How to read it. Labels are heavily imbalanced (positives ≪ negatives), so ROC-AUC is a better main metric than accuracy, and class-weighted BCE is advisable. Graph sizes are mostly in the tens of atoms/bonds, so 2–4 message-passing layers are a reasonable starting point.

3.3.1-C DataLoaders + a batch sanity check

What this cell does. Creates loaders and prints one training batch to confirm feature shapes (we will reuse the loaders later).

train_loader = DataLoader(train_set, batch_size=64, shuffle=True)
valid_loader = DataLoader(valid_set, batch_size=256, shuffle=False)
test_loader  = DataLoader(test_set,  batch_size=256, shuffle=False)
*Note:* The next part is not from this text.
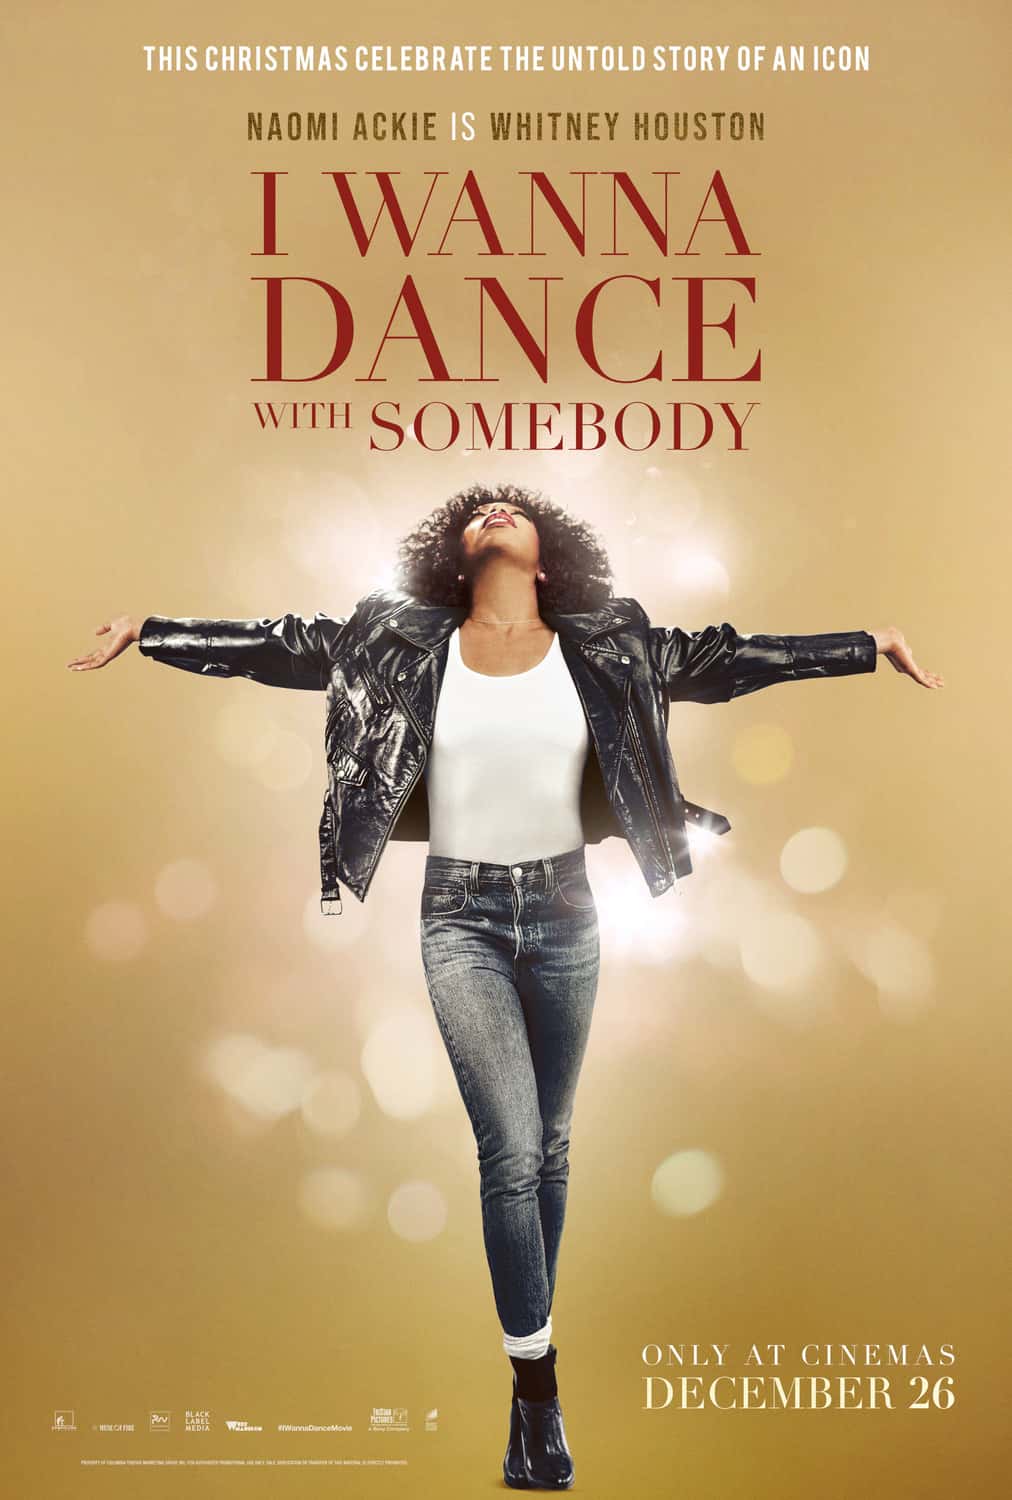 This weeks UK new movie preview 30th December 2022 - I Wanna Dance With Somebody and Corsage - #iwannadancewithsomebody #corsage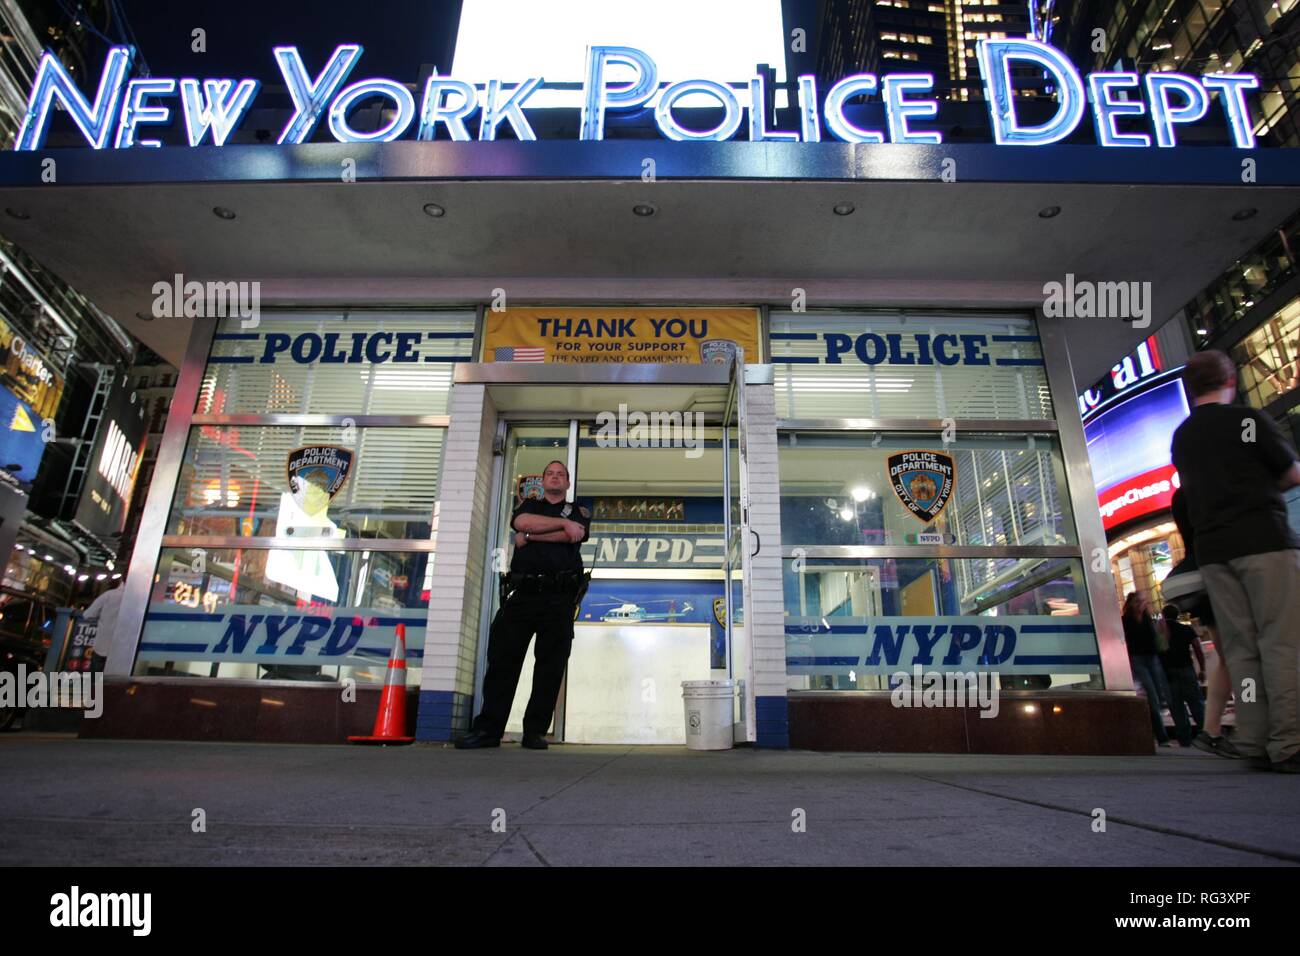 USA, United States of America, New York City: Times Square. Police station. Stock Photo

batch = next(iter(train_loader))
print(batch)
print("num_graphs:", batch.num_graphs,
      "| node_feat_dim:", batch.x.size(-1),
      "| edge_feat_dim:", batch.edge_attr.size(-1),
      "| y shape:", tuple(batch.y.view(-1).shape))

Results DataBatch(edge_index=[2, 3640], edge_attr=[3640, 3], x=[1711, 9], y=[64, 1], …) num_graphs: 64 | node_feat_dim: 9 | edge_feat_dim: 3 | y shape: (64,)

This confirms the exact input dimensions we connect to the models in §3.3.2 and §3.3.3.

3.3.2 Message Passing as Chemical Reasoning (NNConv–GRU MPNN)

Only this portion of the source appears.